1 - How do I simulate physics on the server, do I need to rewrite parts of client side on the server side using a JavaScript physics engine?

Yes, essentially, thats what you would do, if you want physics on the server. You have to ask you the question: Do I need the server to validate everything the user does? In your example-game I'd say no. Of course, someone could change the client-code and cheat himself through the level, but it doesn't really matter. It would not really hurt any other player, neither does he really get a benefit from it other than 'be the king' for a bit.

No, you don't need a full-baked physics engine. Lets say you have a floor and want the player to fall, but not fall through the floor. Thats simple to realize, I'd not call this check a physics-engine. Maybe you also have walls where the player can not walk through. I wouldn't call this a physics-engine either. Only when you want objects to collide and bounce of each other physically correct you'd use a real physics-engine.

2 - Is it better to send action messages like "playerJumped" and broadcast it to the clients or send it's current position on every update (more bandwidth consumption I guess)?

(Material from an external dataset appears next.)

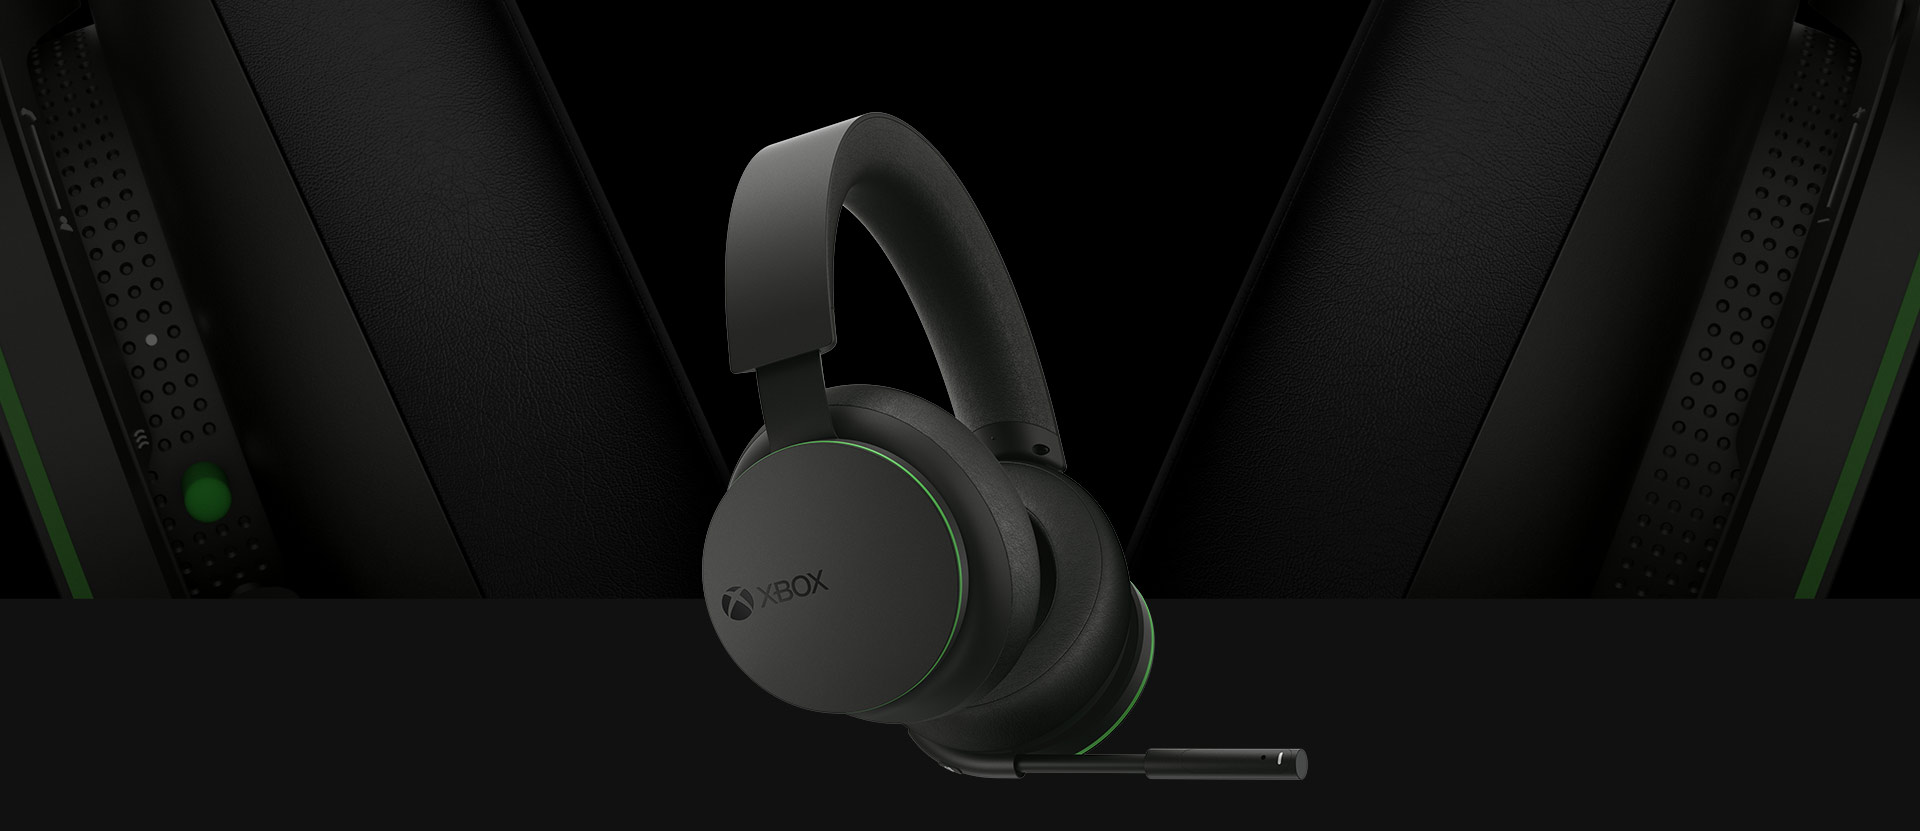 Voor-/hoekaanzicht van de Xbox draadloze headset. Achter de headset zie je een groter detailaanzicht van de oorschelpen.

This heavily depends, but in most cases you send a mixture of both. In your example-game, a 'playerJumped' wouldn't be enough because latency matters. Every single nanosecond could change the outcome heavily, so that a 1ns-to-late-jump changes the position of the player 20 seconds a lot. Thats not what you want, so you'd send 'i jumped in frame 30' or something like this. In a fixed-timestep game this would be enough to get the same result on every client. Updates every frame are in this case not needed because every client can calculate your position and would have the same outcome.

3- I read the server needs to run on a lower frequency( E.g. 30hz) to better perform with latency issues. Is it FIXED_TIME_STEP that we are talking about?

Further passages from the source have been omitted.